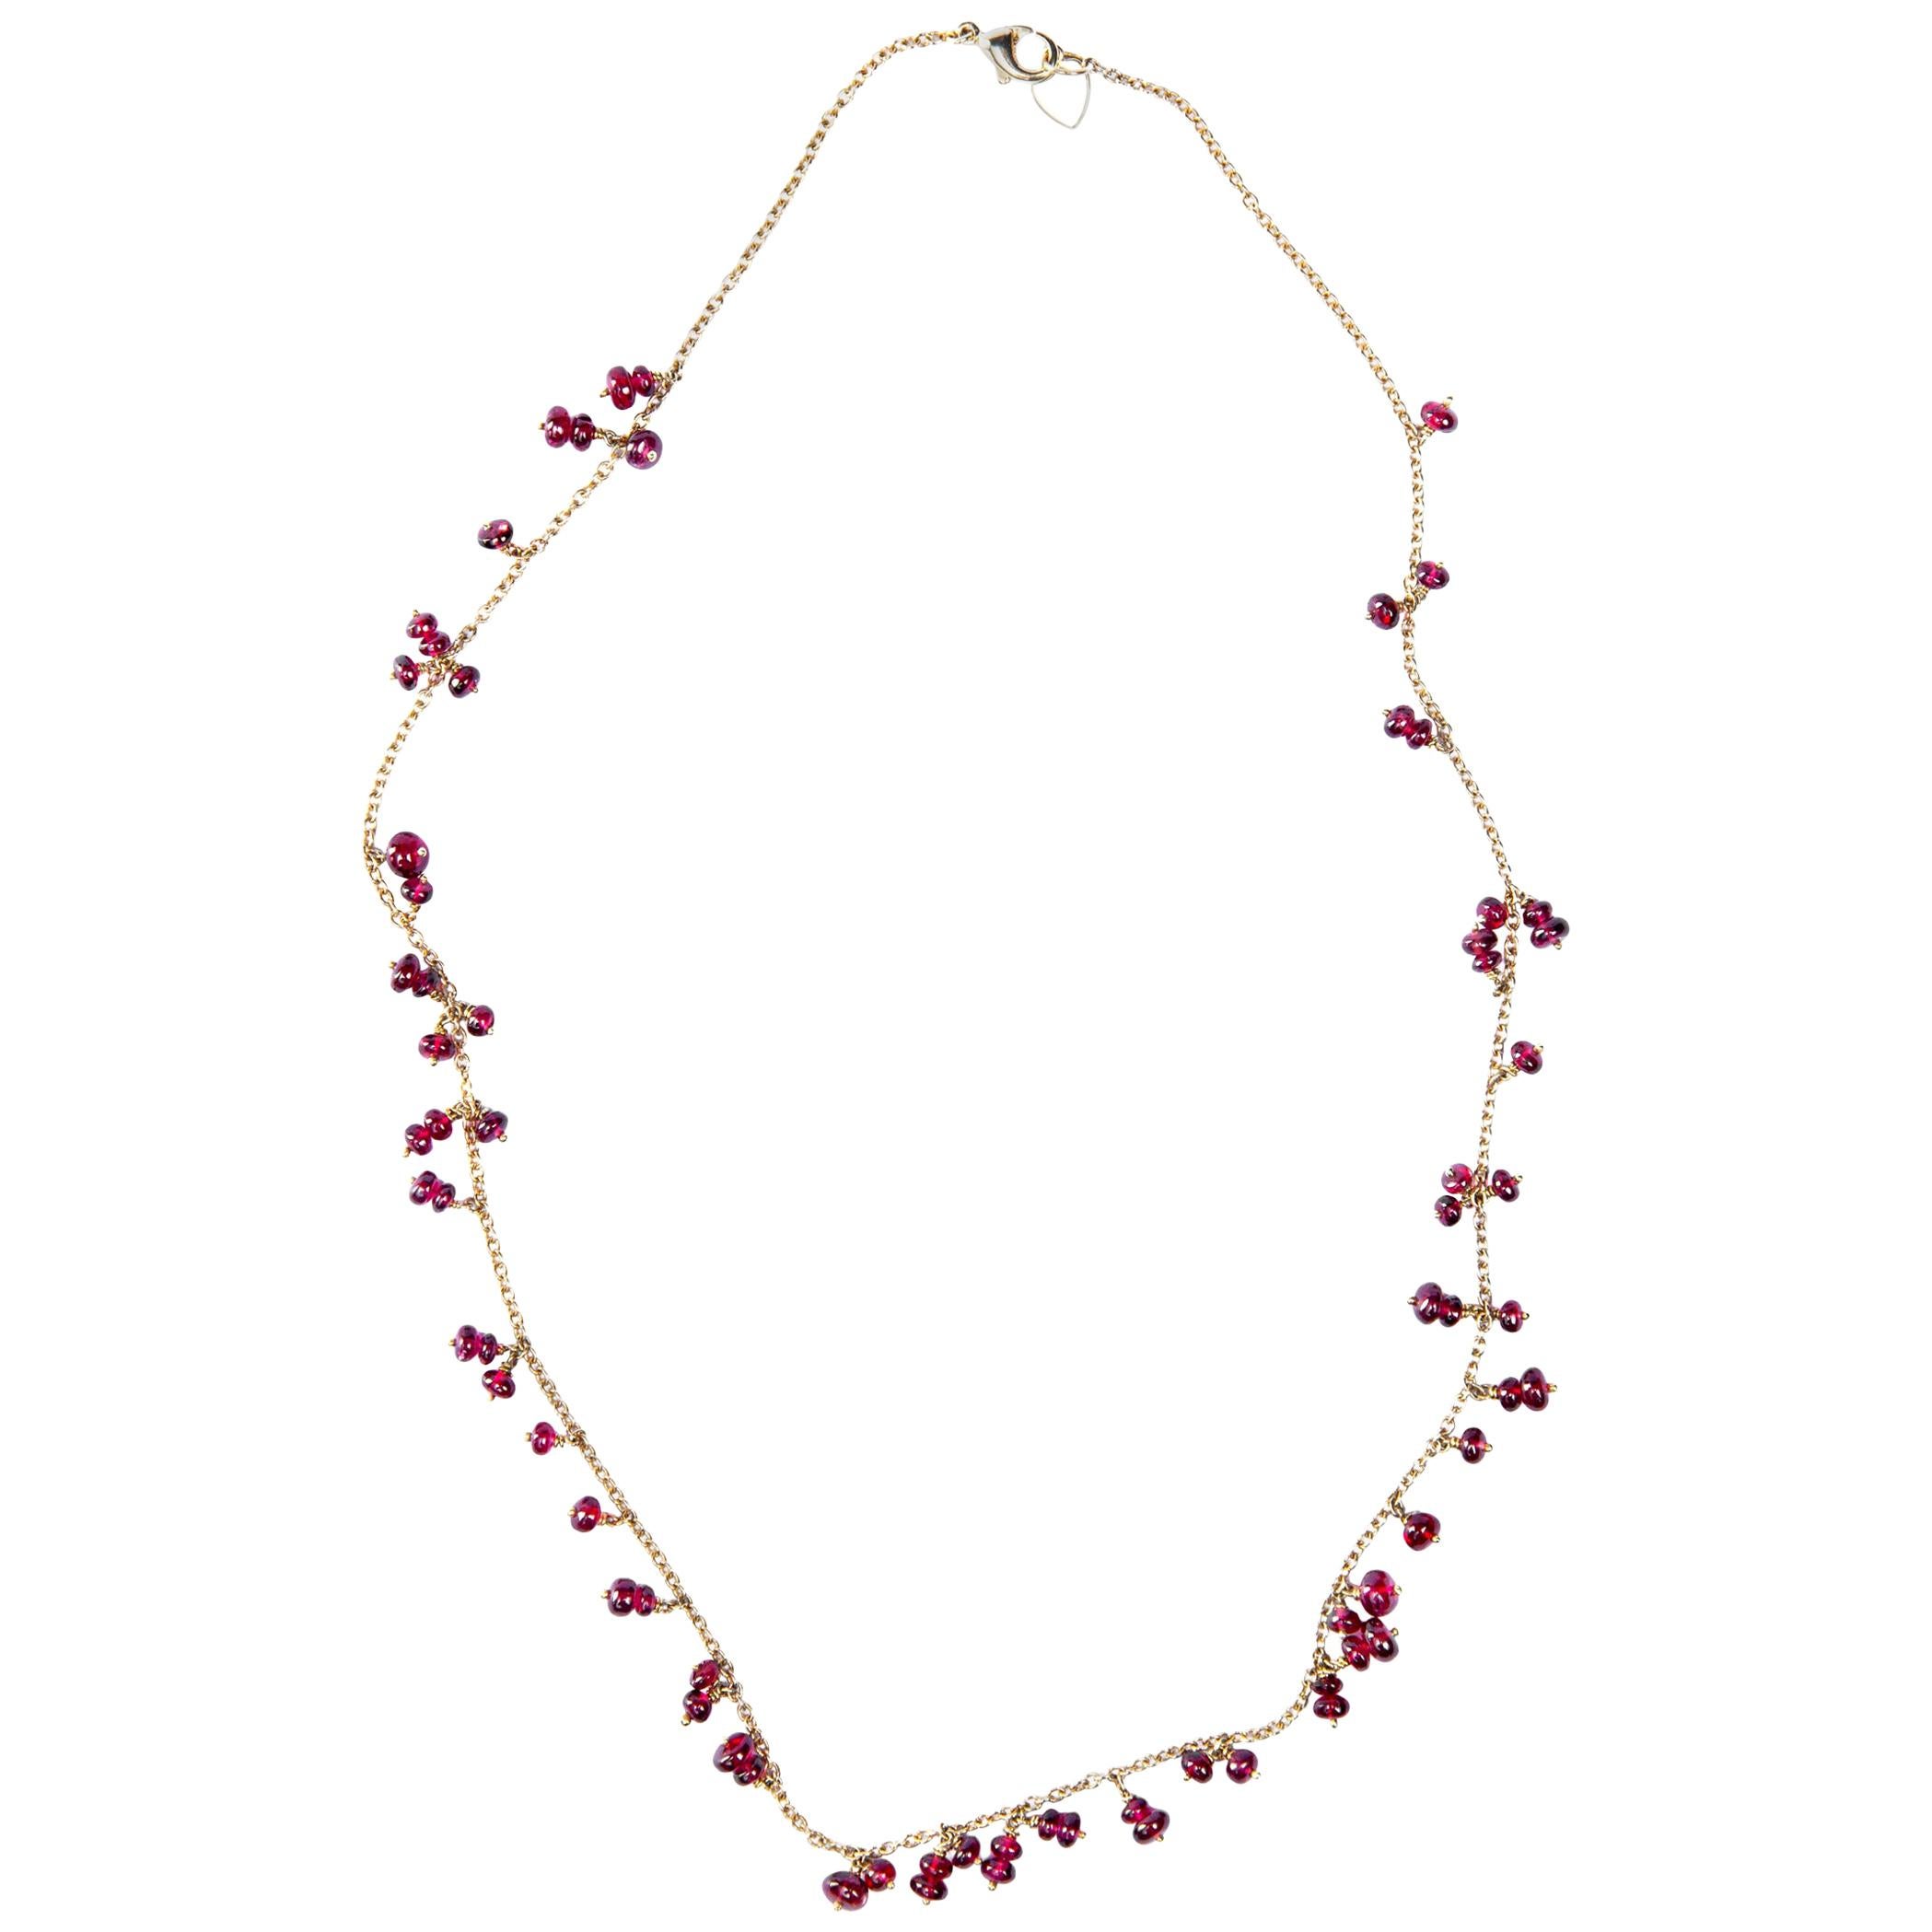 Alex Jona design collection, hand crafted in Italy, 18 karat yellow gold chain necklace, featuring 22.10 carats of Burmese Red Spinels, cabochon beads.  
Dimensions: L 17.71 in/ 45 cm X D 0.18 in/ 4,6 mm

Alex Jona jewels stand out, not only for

> **What the task requires**
Could you output the entire listing verbatim while omitting its pictures?

> **Exercise output**
 Alex Jona design collection, hand crafted in Italy, 18 karat yellow gold chain necklace, featuring 22.10 carats of Burmese Red Spinels, cabochon beads.  
Dimensions: L 17.71 in/ 45 cm X D 0.18 in/ 4,6 mm

Alex Jona jewels stand out, not only for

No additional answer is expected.